CVE-2020-37156

Vulnerability

Overview

BloodX 1.0, a PHP-based blood bank management system, suffers from an authentication bypass vulnerability in its login.php file. The root cause is insufficient input validation, allowing an attacker to inject a SQL payload that manipulates the authentication query. By submitting the payload '=''or' for both the email and password fields, the SQL condition becomes always true, bypassing credential checks [1][2].

Exploitation

Details

The attack requires no prior authentication and can be performed over the network. An attacker sends a POST request to the login endpoint with the crafted parameters. The exploit is publicly available and trivial to execute, as demonstrated in a proof-of-concept on Exploit-DB [2]. The vulnerability is classified as CWE-288 (Authentication Bypass Using an Alternate Path or Channel) with a CVSS v4 score of 6.5 (Medium) [3].

Impact

Successful exploitation grants an attacker unauthorized access to the BloodX dashboard. Depending on the application's configuration, this could expose sensitive data such as donor and recipient information, blood inventory, and administrative functions.
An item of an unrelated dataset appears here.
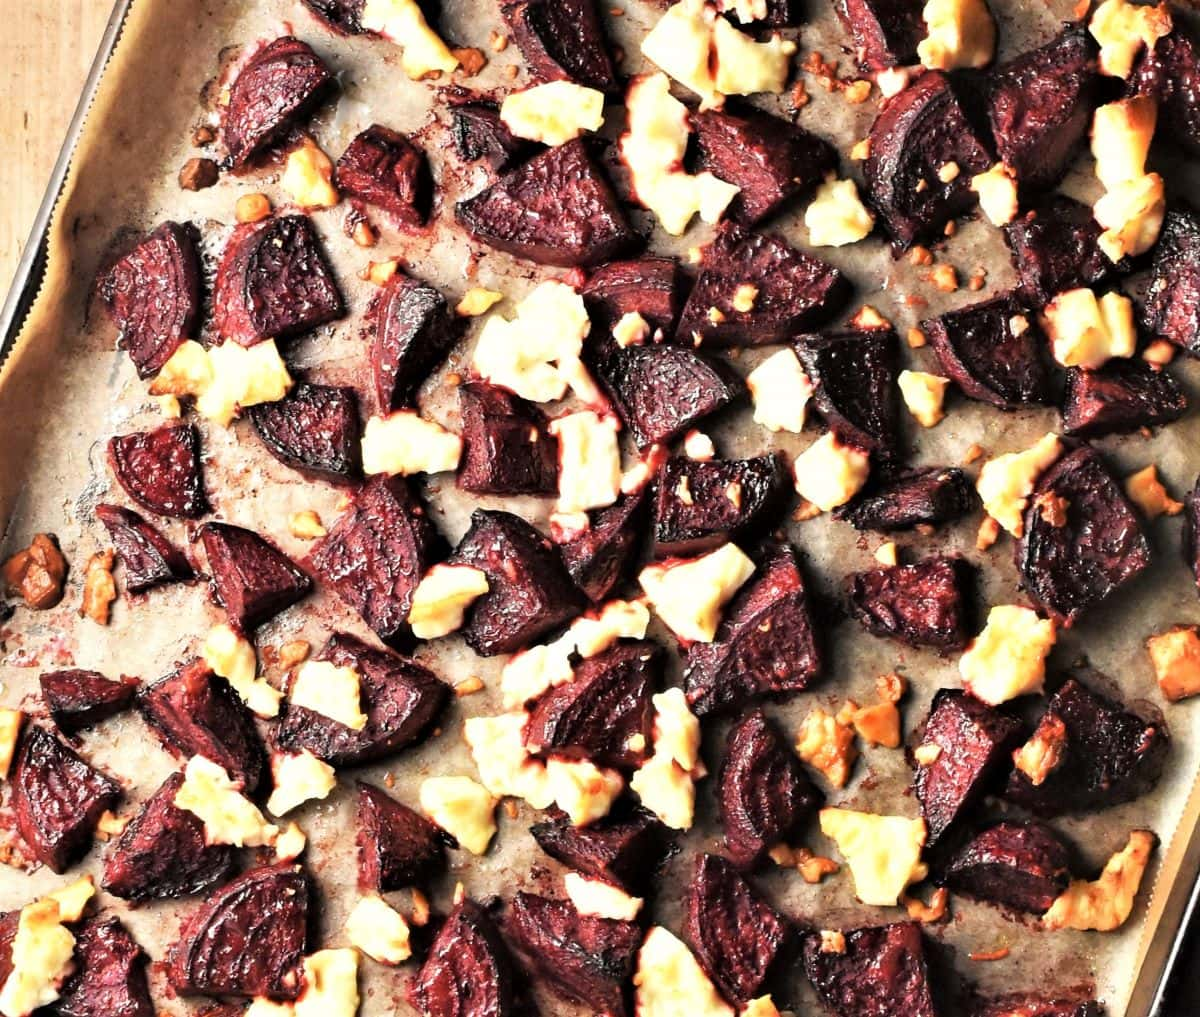 Roasted beet wedges and crumbled feta on baking sheet.

The project is still under development and may be used in testing or production environments, increasing the risk of data compromise.

Mitigation

Status

As of the publication date, no official patch has been released for this vulnerability. The GitHub repository indicates the project is under development and not yet launched [1]. Users are advised to avoid deploying BloodX in production until a fix is applied. Implementing proper input sanitization and parameterized queries would mitigate the issue.